I’m having lunch in a Chelsea restaurant with a sprightly gent of 60-plus. His wits are quick and he’s a fabulous source of softly spoken gossip. He reflects a moment on one especially key evening in his life, early in 1963. ‘If you’re not sure who rock’n’roll belongs to,’ says Andrew Loog Oldham, ‘then it surely isn’t you.’

When Oldham was 19 and London’s sharpest young hustler, he clapped eyes on The Rolling Stones at a backroom blues gig in a suburban boozer. And that night he glimpsed a band who – with a little help and a lot of hype – really might claim rock’n’roll as their own. He was, of course, proved right beyond his wildest calculations. Within six years they were playing to vast, awe-struck multitudes and being billed – without the least fear of contradiction – as ‘the greatest rock’n’roll band in the world’.

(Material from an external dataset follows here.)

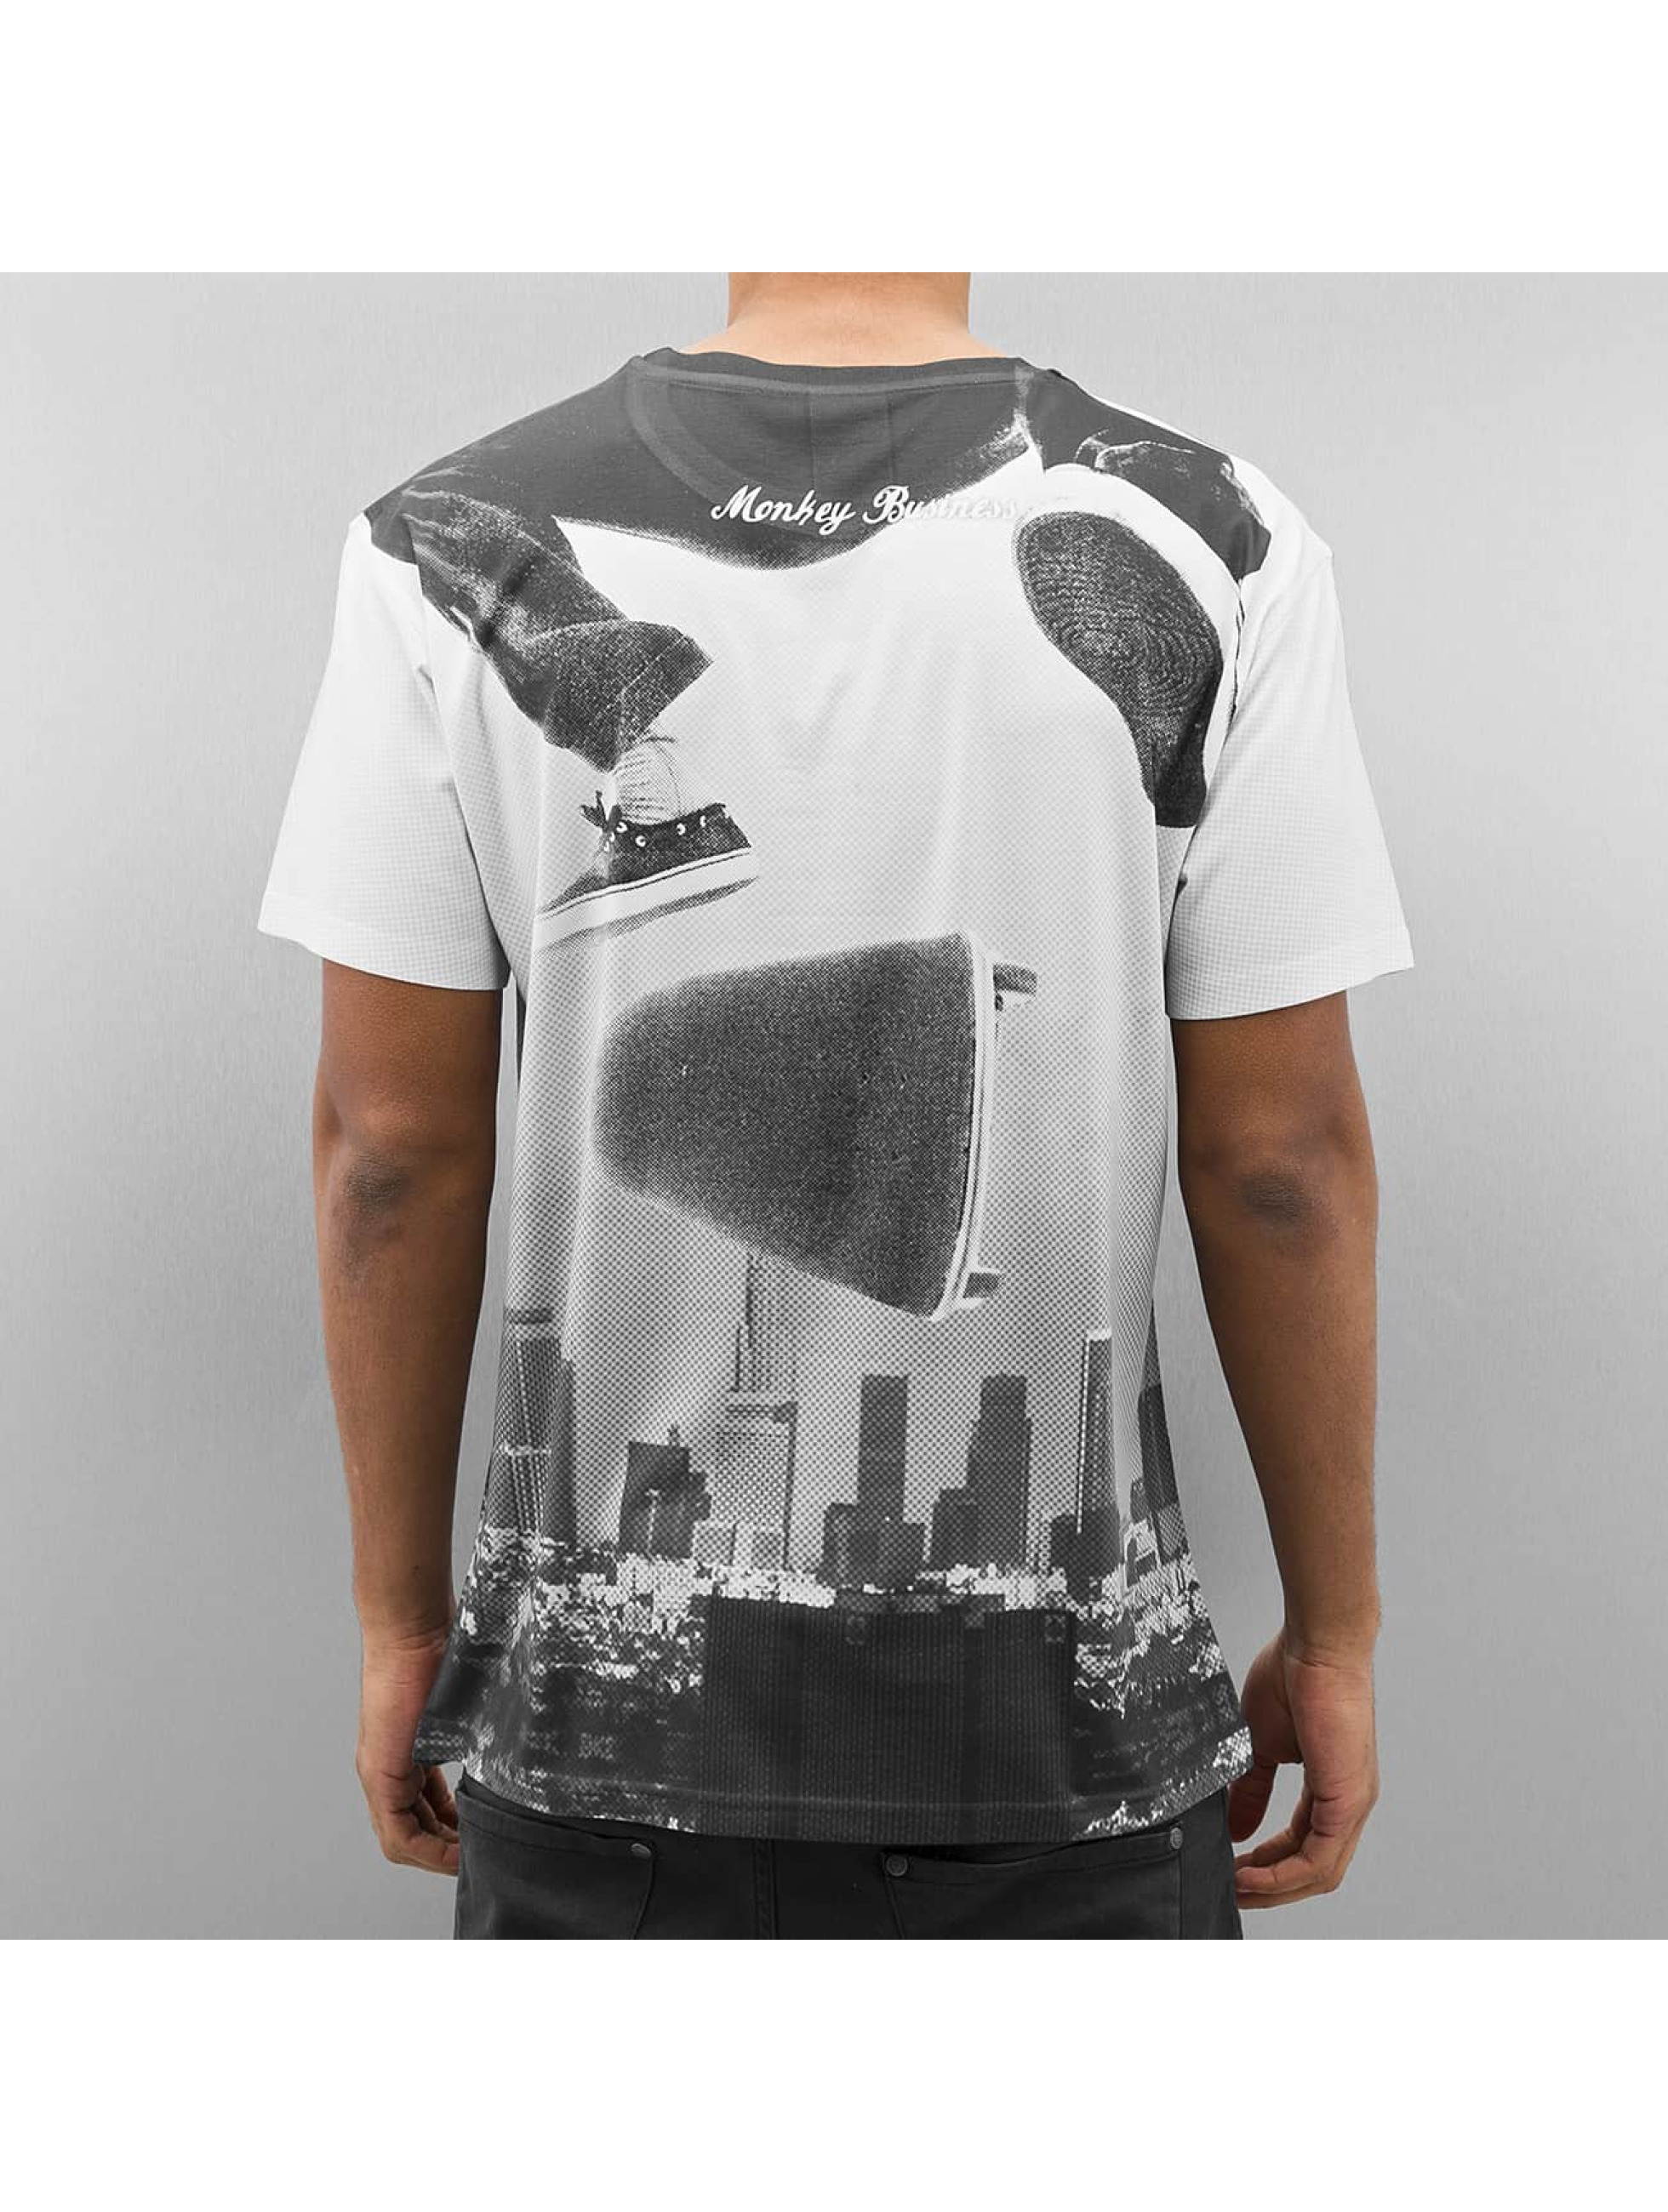 Monkey Business T-Shirt La Skate grau

The Rolling Stones are the irreducible essence of rock music, and their astonishing story has not yet finished. Oldham’s first sighting was the start of his managerial career with the Stones and effectively the night they achieved lift-off. In four years they rose, and for the past 40 years they’ve declined to fall. During their journey they’ve been almost everything that rock’n’roll has represented, from bratty rebellion to corporate respectability. They were never meant to last this long, but as Keith Richards once revealed: ‘I have still not discovered all the myriad possibilities of “Midnight Rambler” or “Satisfaction” … I could play “Jumpin’ Jack Flash” all night if my hand would bear it.’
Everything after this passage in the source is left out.